Over the past year, I purposely experimented and delved into new zones of creativity and academic reading.  I pushed myself to try out different ideas and media. However something inside me began to realize that I was moving away from themes and cultural issues directly linked to my past.

Fantasy and Fiction have remained intriguing areas for me. When I was about 12 years old I read the last book I had unread in the children’s section of my town’s library.  This was in a small fishing village in the Eastern part of Iceland and even though this wasn’t the largest library in the world it did contain some marvelous secrets. Today I am still curious about the ‘possible worlds’ created by fiction, and how they interact with what we call reality. I am interested particularly in true stories that sound like fiction.  These stories can derive from personal experiences of individuals, historical facts, scientific research or folklore.

Through focusing on these issues I get closer to understanding the world that we live in and how the reality we take for granted as fact is often just as much ‘created’ as what we think of as the not real.

Being a native of a country like Iceland provides one with unique experiences – one can have rich urban enrichment as well as a unique rural one.  My experience of hiking in the Icelandic highlands has influenced how I perceive the world around me.  It is in particular the feeling I get from being in the desert, in the vast open space with subdued colors and undulating horizon.  The lack of sensory input is something I find very stimulating, as if the nothingness of the space leaves enough room for real thought, imagination and contact.  I can only hope to achieve something similar through my art.

I have created work in a variety of mediums, depending on my subject matter at each time.   In my work with controlled environments I have focused on the entrance to the work as a threshold.  This adds to a feeling for a different place and time in the space.  I have also worked with staged photographs and interactive animation and video.  Sound has played an important role in my works, although very subdued most of the time.  I have a background in classical music that I find influences my imagination more than my actual use of sound.  Dreaming and movement through air, such as jumping, swinging and flying are all themes that have interested me.  That relates back to my interest in the reality as fiction, since through dreaming we can experience realities that are very real and very fictional at the same time.

Over the past few months I have been involved in writing short narrative in the form of a video. I am interested in exploring the realms of fiction and fact.  The story is based on an actual journal of Ina Von Grumbkow, a German woman that was funded by The Royal Prussian Academy of Science in 1908 for an expedition to Iceland to search for her fiancé that had disappeared there on a geological research the year before.  I am writing short prose based on my personal experiences from spending time in the desert that merge with the descriptions of Von Grumbkow.  My imagery comes from still historical photographs and animated sequences that focus on body movement.

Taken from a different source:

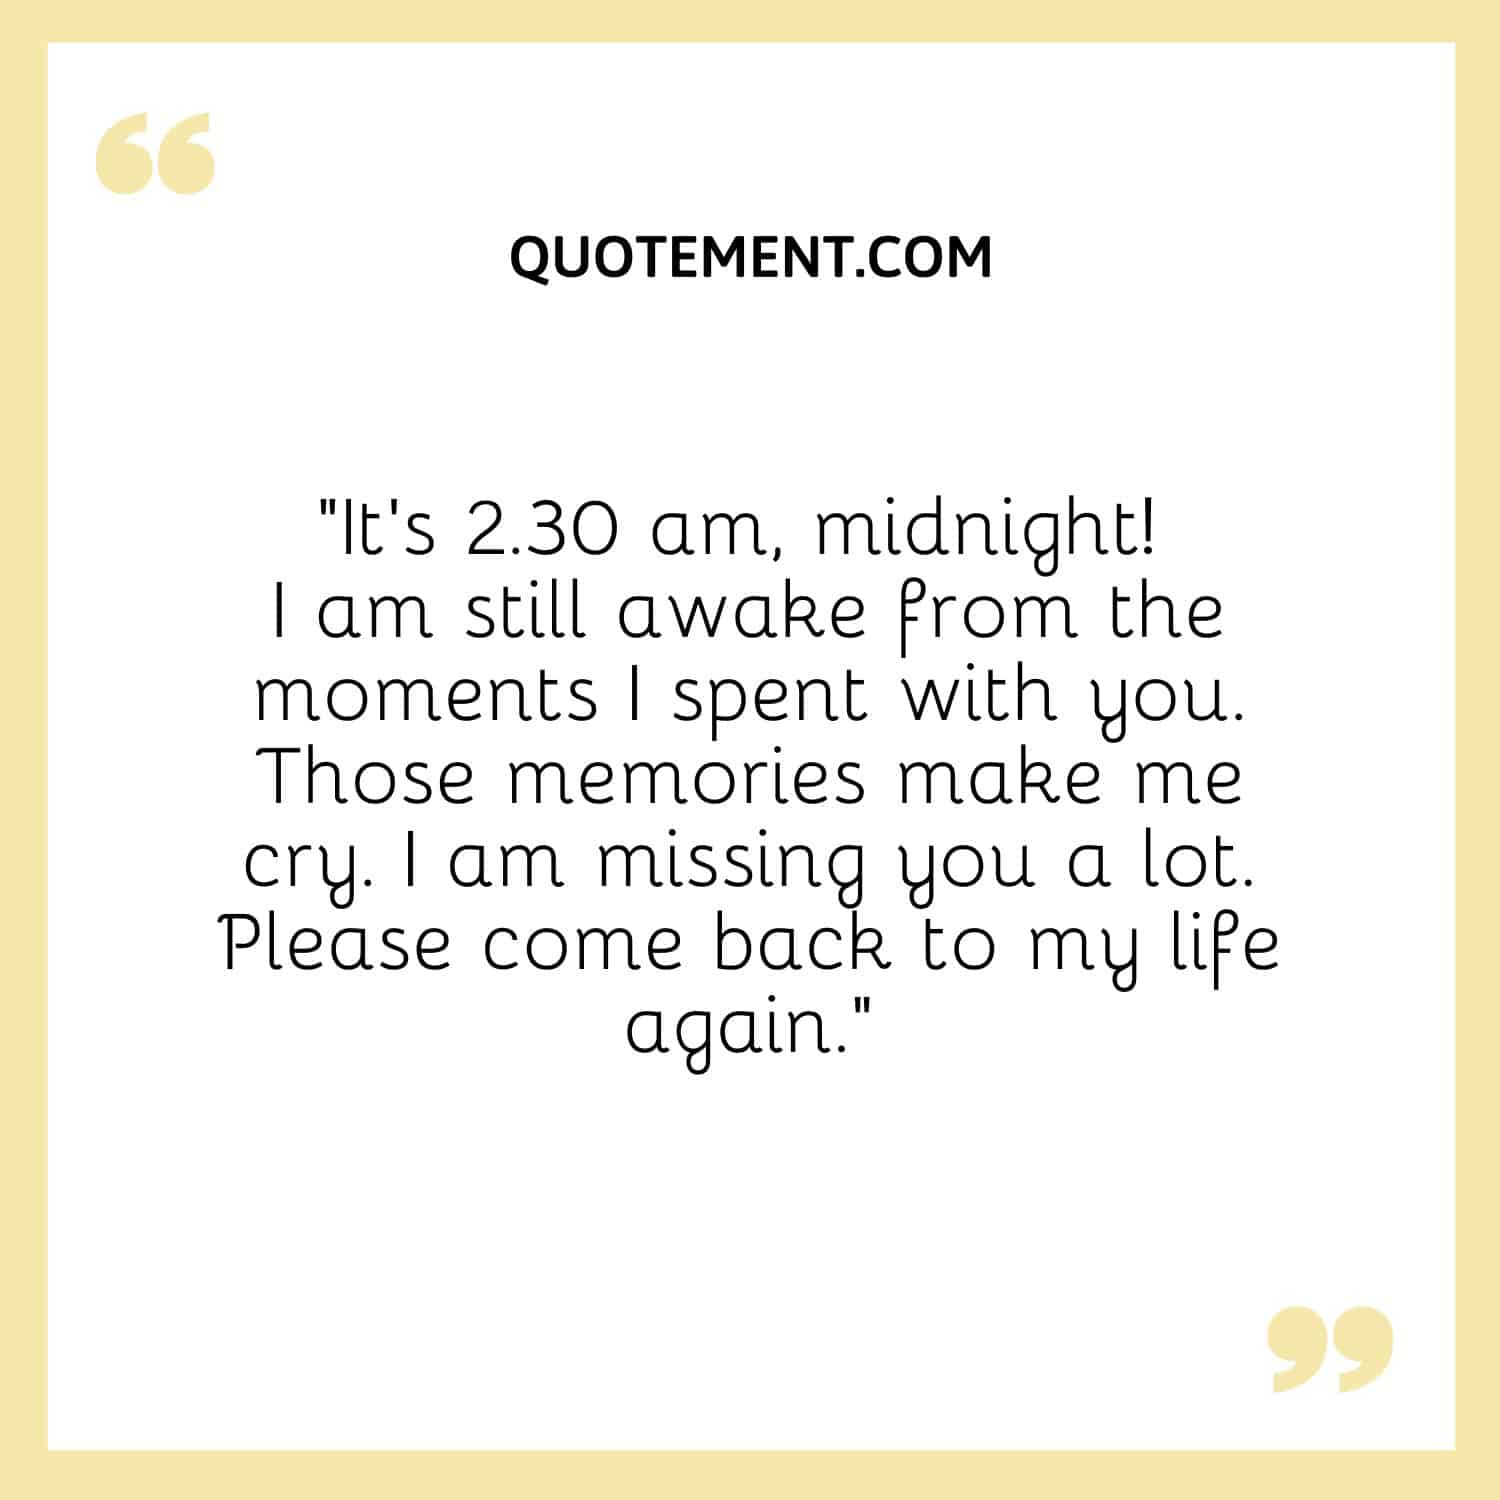 It’s 2.30 am, midnight! I am still awake from the moments I spent with you
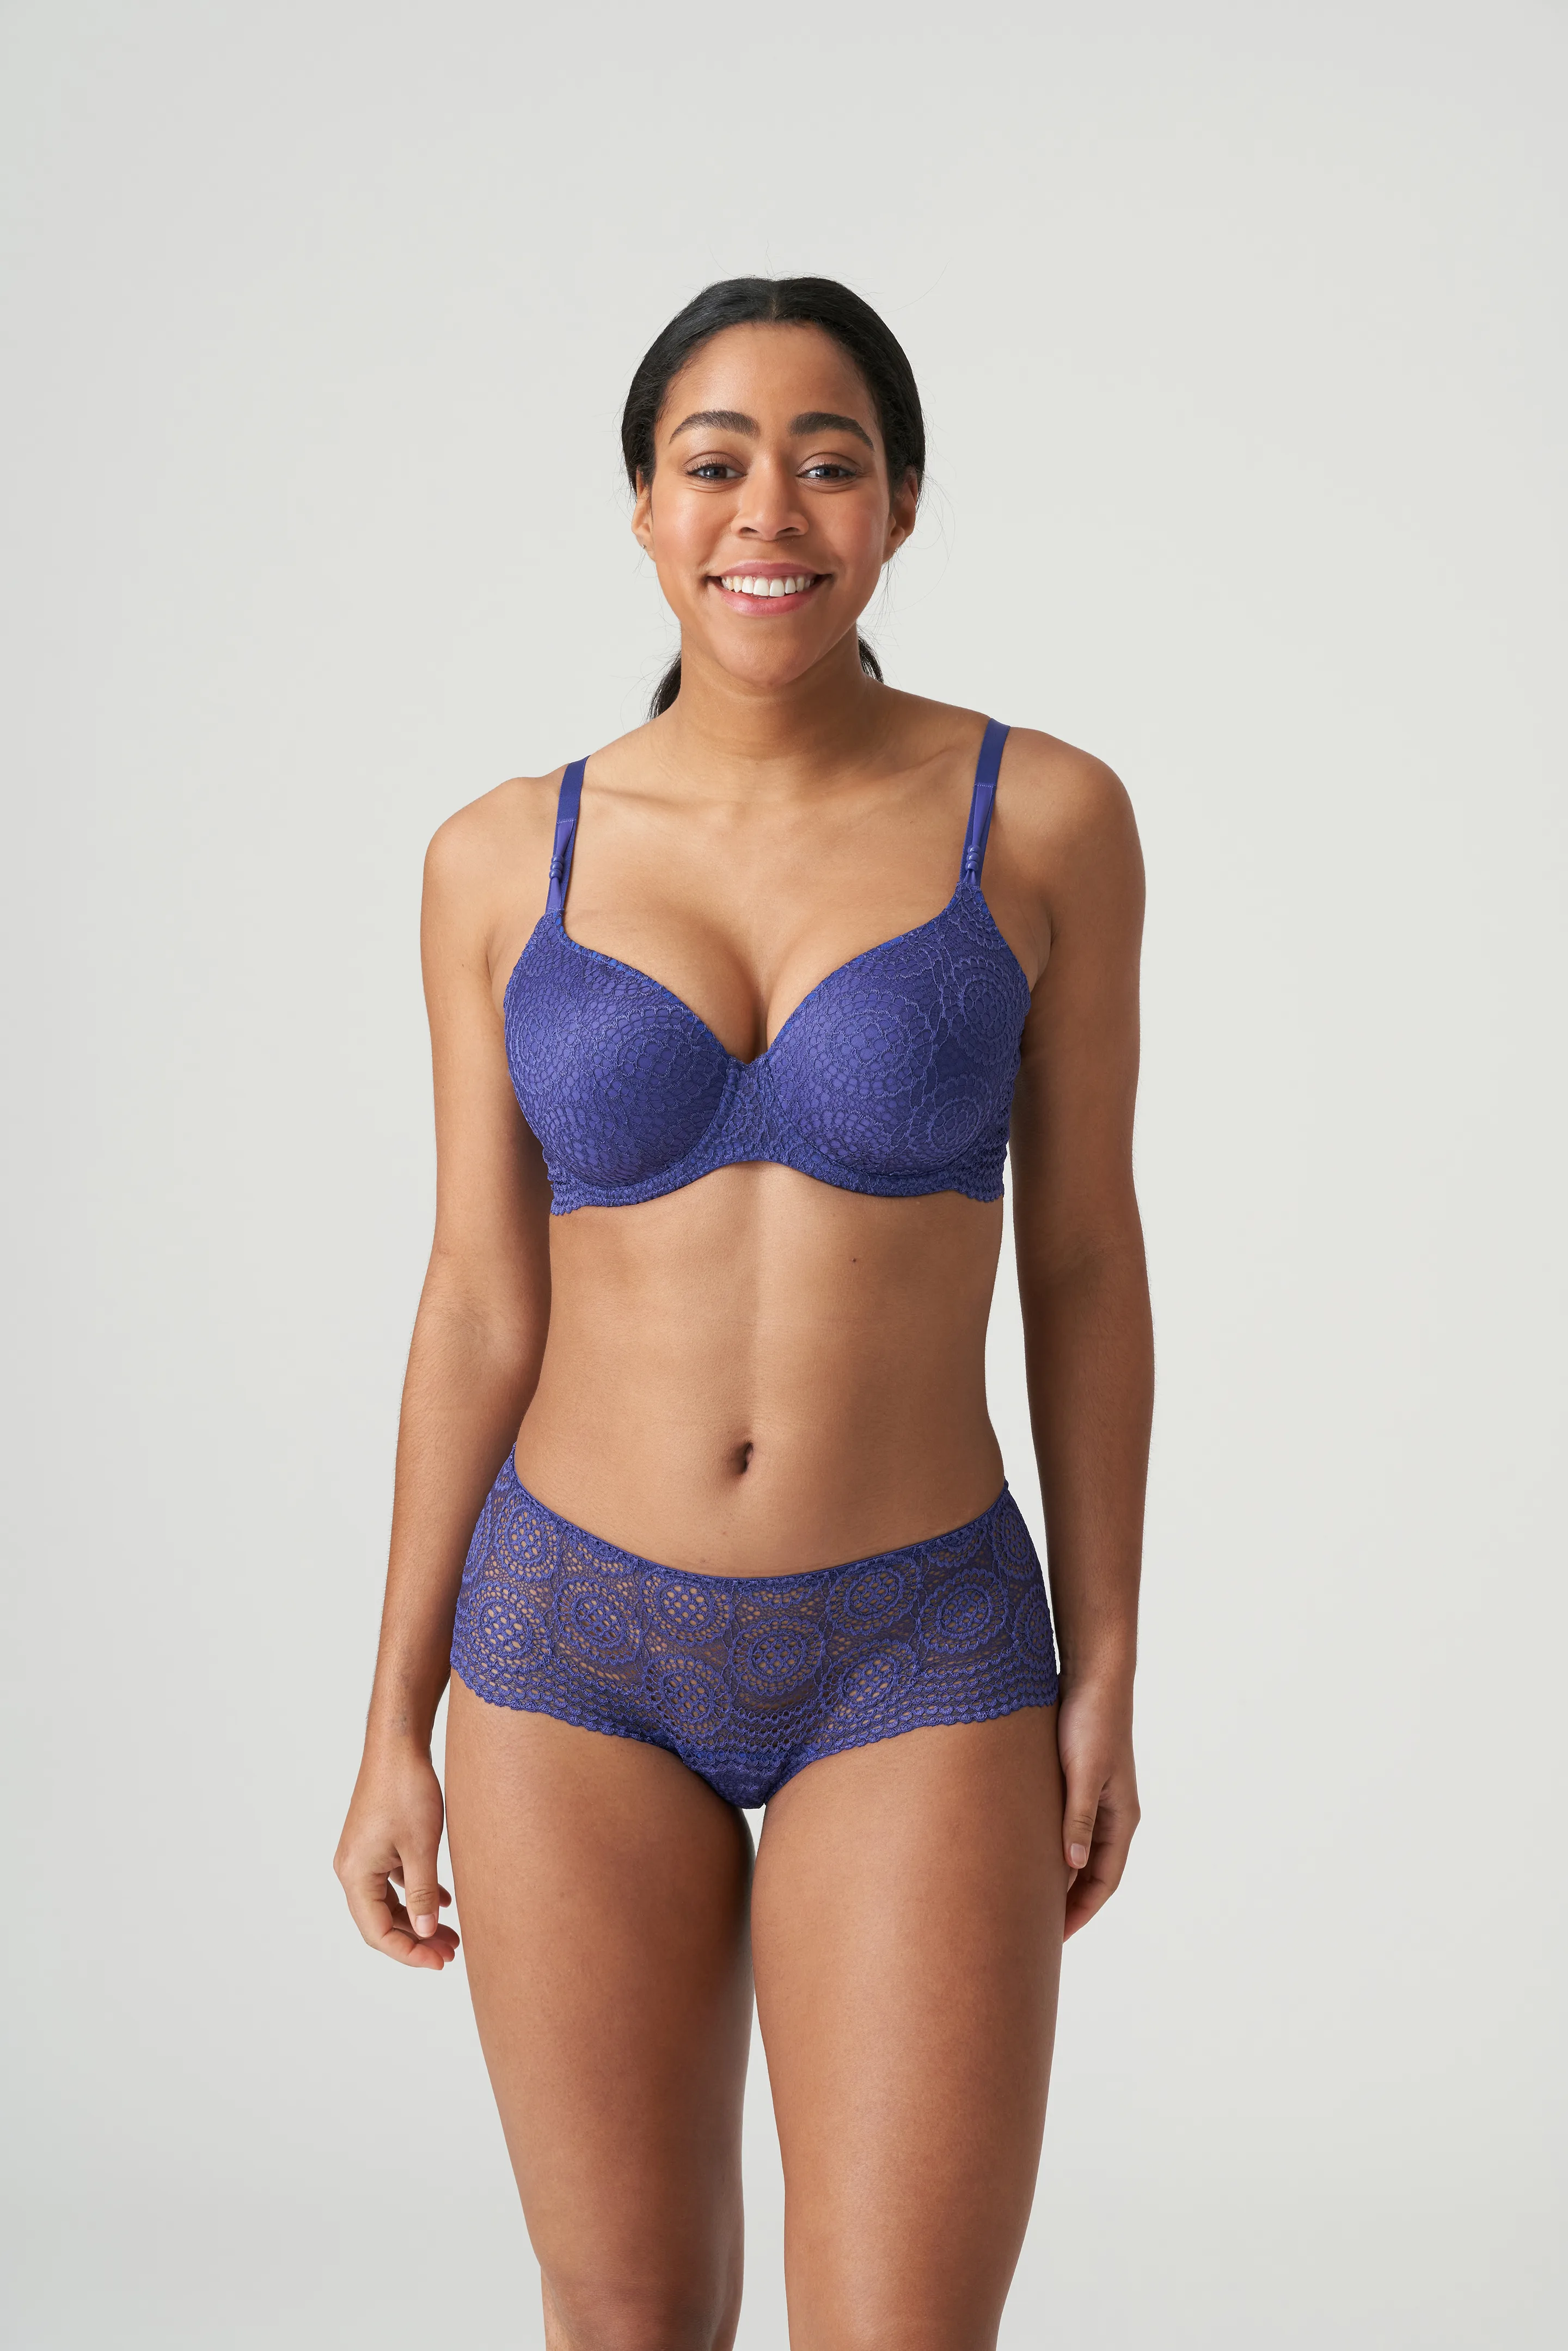 The Perfect Bra Shoppe - Bras, Lingerie and Swimwear: Bras and Breasts

I intend to continue developing this work in the coming months, creating a series of short video works in which a mix of photographs, still video or film shots and animation with narrative voiceover will result.  I would like to experiment more with ways of ‘temporal layering’, as I am already doing by showing elements of the video successively that are actually meant to be visually layered.  The sound is used as a connecting element. This method of working allows me to merge together in one piece what I before attempted to create in installation, photographs or drawing.